В первую минуту на меня нашел столбняк. Я смотрел, ничего не понимая, в жирное, свирепое лицо Шаврова; Мотя выронила из рук чайную чашку, и она со звоном покатилась по полу; отец склонил набок голову и даже зажмурился, а мать, как сидела на скамейке, сзади самовара, так и осталась неподвижною, с непрожеванным куском хлеба во рту. Только Калебан тянулся из-за плеч Созонта Максимовича, блестя серыми, навыкате, глазами, щелкал и хрипел:
– Украл, что ли, что-нибудь?
Шавров, стиснув зубы, взмахнул молча кнутовищем в третий раз.
– Я т-тебя…
– Постой, Созонт! – вскочил отец, хватая его за руку. – Не самоуправничай, не то плохо будет!..
Хозяин опамятовался. Опустив руки, он грузно сел на коник, рядом с отцом, вытер лоб полою, тряхнул оборочкой волос и, укоризненно смотря на меня, жалобно сказал:
– Что ж ты, пащенок, со мною сделал, а? Что ж ты сделал, жулик ты московский?

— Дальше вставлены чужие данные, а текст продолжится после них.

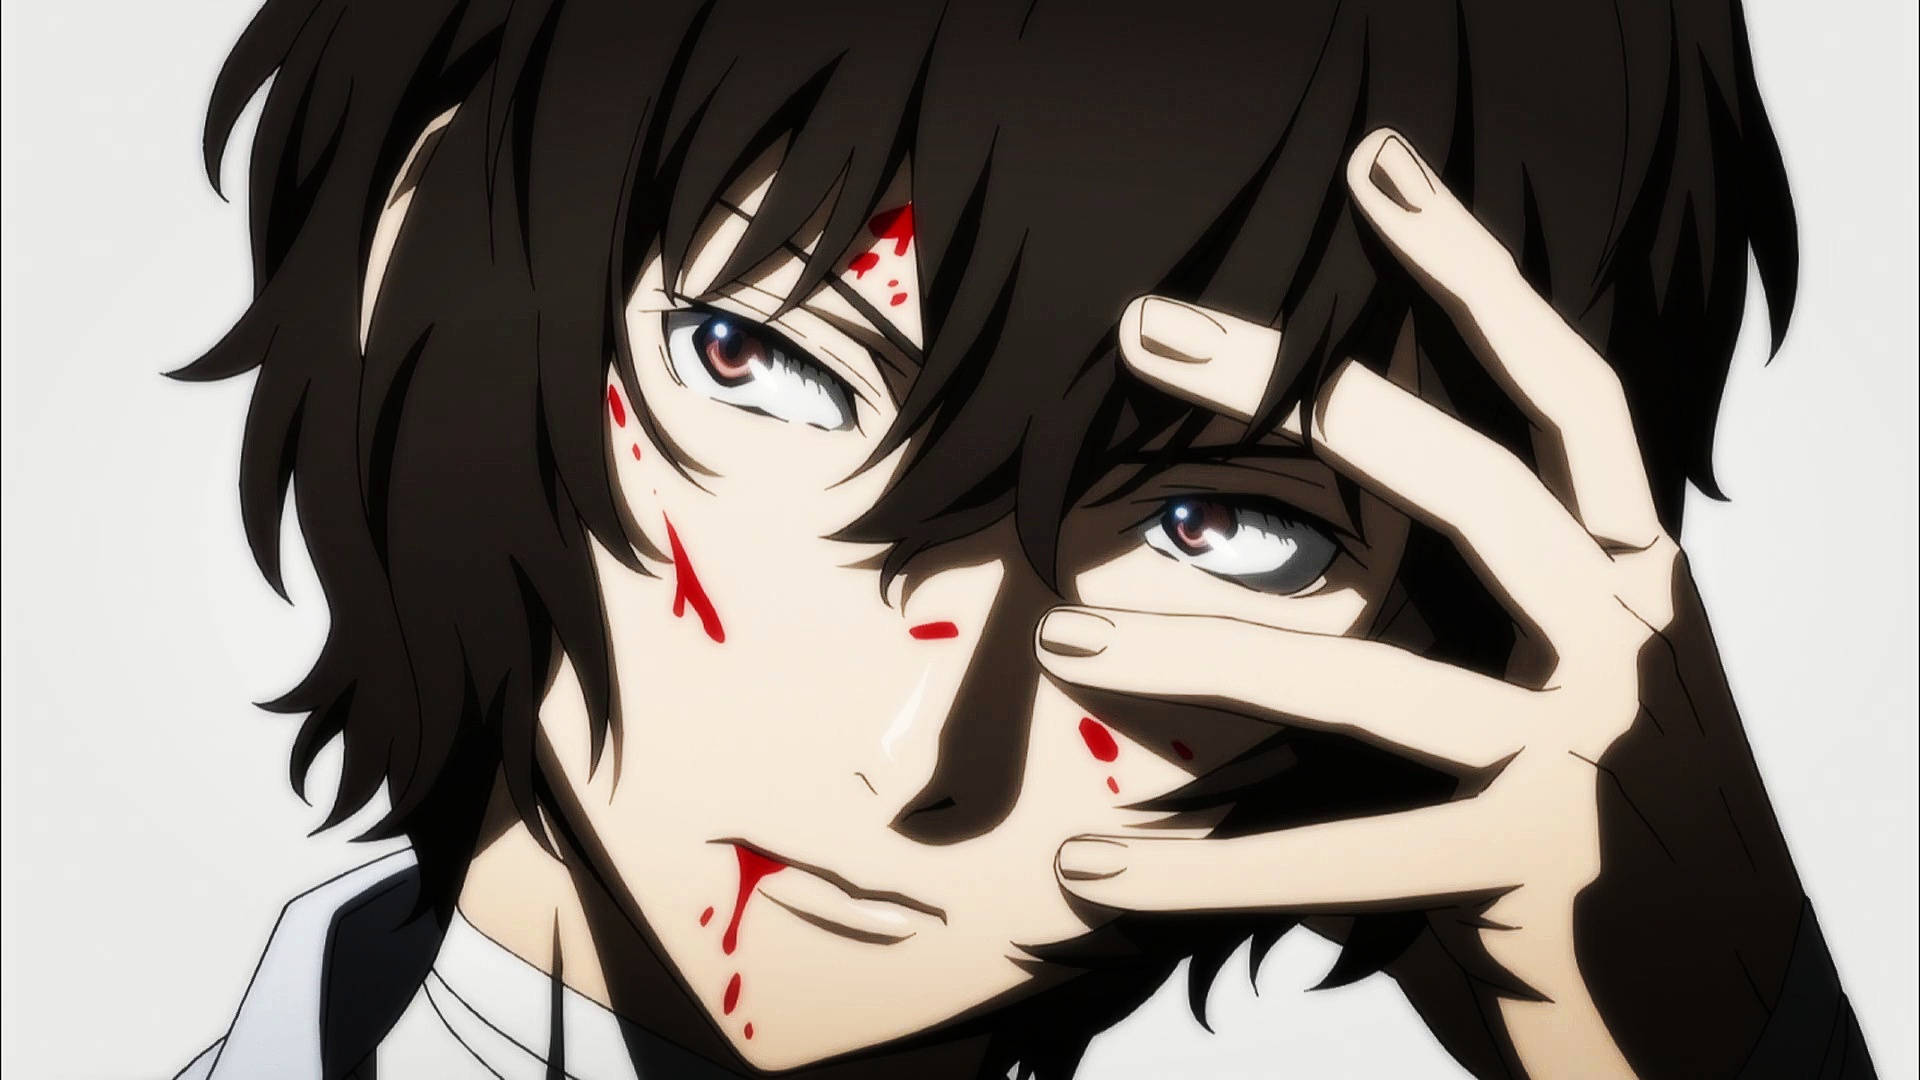 A Gripping Image Of Dazai In Action

– Как ты смеешь бить чужого сына? – пришла мать в себя, поднимаясь со скамейки и смотря на Шаврова злыми глазами. – Какое ты право, рыжий сатана, имеешь? А? Да я тебе, разбойнику, всю голову сшибу ухватом!..
Мать бросилась к печке. Сестра ухватила ее за рукав.
– Дома мучили мальчонку, прибежал в крови, как резанный, и тут, при матери с отцом, увечишь, красномордый, а? Ты думаешь – богач? Ты думаешь, что на богатых нет управы? На-кось, выкуси!
– Отвяжись! – махнул рукой Шавров. – Сбесилась, черт немытый!.. – Он брезгливо сплюнул в угол.
После курной печки мать, на самом деле, была грязная, как чучело, в старом, клетчатом, прожженном в трех местах повойнике, изорванной рубахе и замызганном, полинявшем, в жирных пятнах, шугае, с оторванною проймой.
Калебан дергался и ржал до слез, а я лез дальше в угол под божницу.
Отец молча и внимательно рассматривал Шаврова.
– Что случилось? – наконец, спросил он, обращаясь не к хозяину, а ко мне.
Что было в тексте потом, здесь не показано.